Finally, to investigate whether autophagy-induced Ldha expression is a key factor in altering the hair follicle cycle, we injected Rapa solution, Rapa + si-Ldha solution or solvent into the dorsal skin of C57 mice every other day and recorded the hair follicle coverage area (%) on days 0, 7, 9, and 11. On day 11, hair follicles in Rapa-treated mice mostly entered anagen, whereas most hair follicles in Rapa + si-Ldha-treated mice were still in the telogen-anagen transition. This indicated that transfection with si-Ldha significantly inhibited Rapa-induced hair follicle growth (Fig. 7A–C). Human hair follicles were cultured in William's E conditioned medium containing Rapa solution, Rapa + si-Ldha solution or solvent, and the length changes of each hair follicle after 1–7 days of treatment and the stage of hair follicle cycle at day 7 were assessed. On day 7, compared to hair follicles treated with Rapa alone, the Rapa + si-Ldha group showed a 10–30% decrease in anagen and a 20–30% increase in catagen, and the elongation rate also decreased by approximately 10% (Fig. 7D–F). These results indicated that transfection with si-Ldha significantly inhibited the effects of Rapa on prolonging hair follicles anagen and promoting hair follicle growth.
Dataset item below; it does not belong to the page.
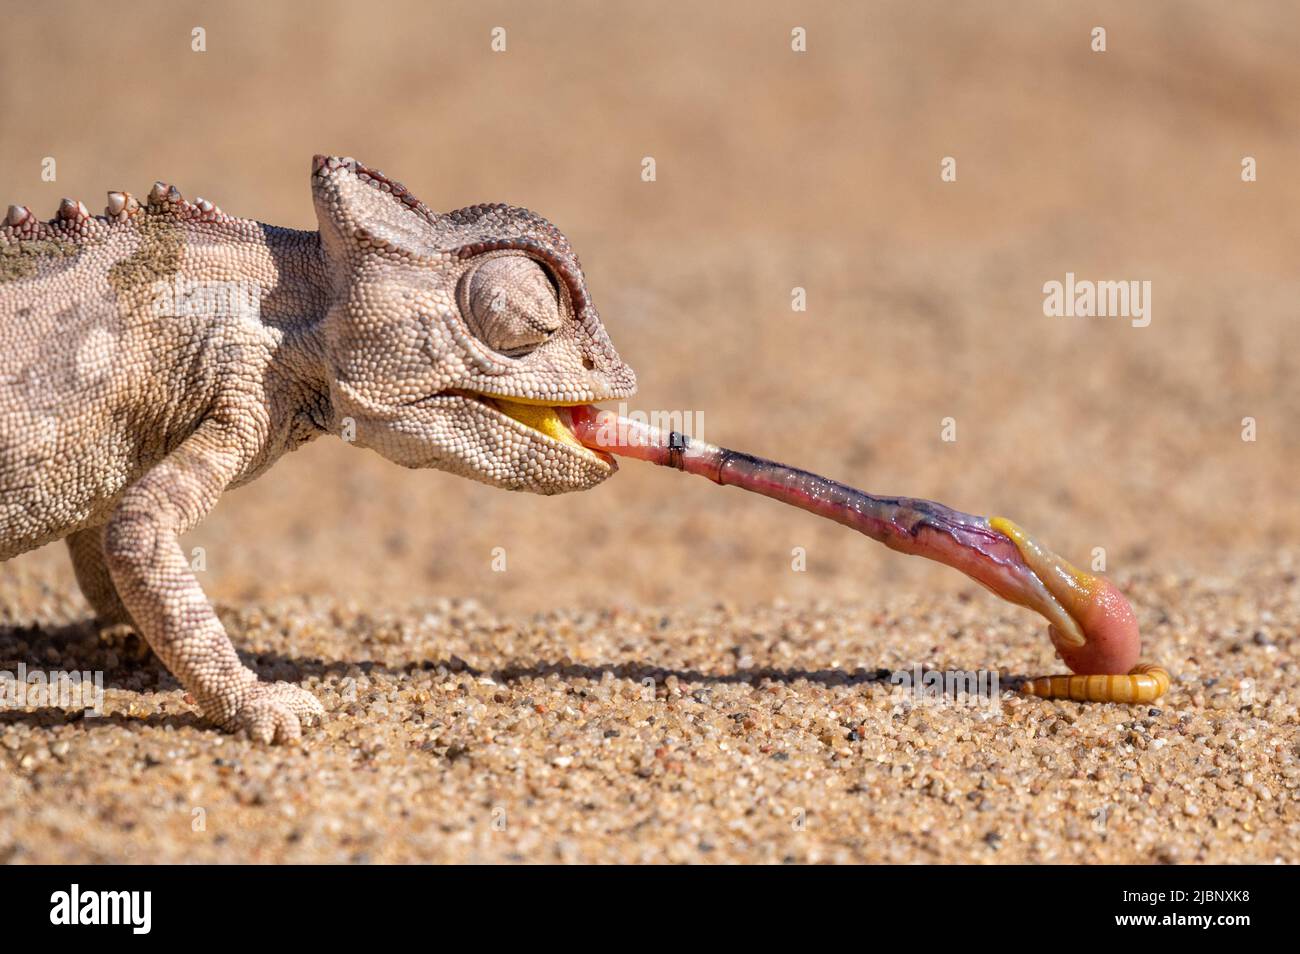 Tongue lashing Namaqua Chameleon in Namib desert Namibia Stock Photo
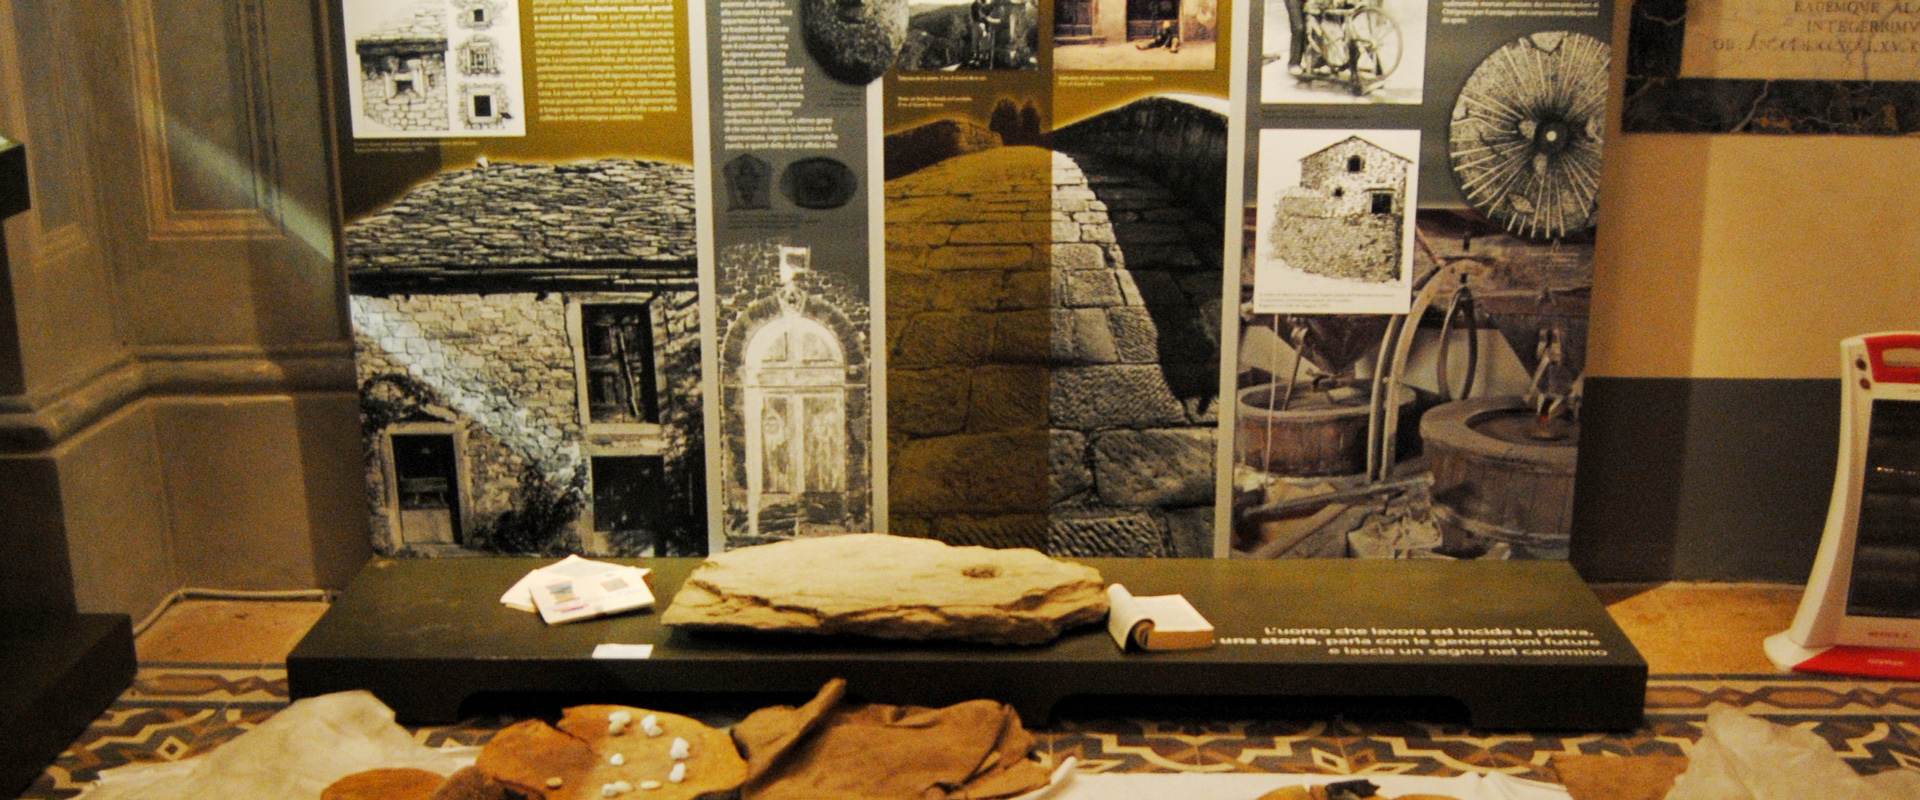 L’Ecomuseo del Casentino compie 20 anni: il programma delle celebrazioni

In summary, these data suggest that autophagy activates HFSC by upregulating Ldha expression to promote the shift of HFSC metabolism toward glycolysis, thereby regulating the hair follicle cycle and promoting hair growth.
HFSCs are adult stem cells with the ability to self-renew and differentiate into various cell types. During the anagen, HFSCs are activated and begin to proliferate and differentiate to replenish the epidermal components of hair follicles, such as hair matrix cells. During the telogen, they maintain quiescence until the next hair follicle cycle begins. In pathological states, such as AGA, impaired activation of HFSCs results in shortened anagen and extended telogen, causing a hair loss phenotype. Therefore, understanding the mechanism of regulating HFSC activation is of great significance for the treatment of hair loss diseases.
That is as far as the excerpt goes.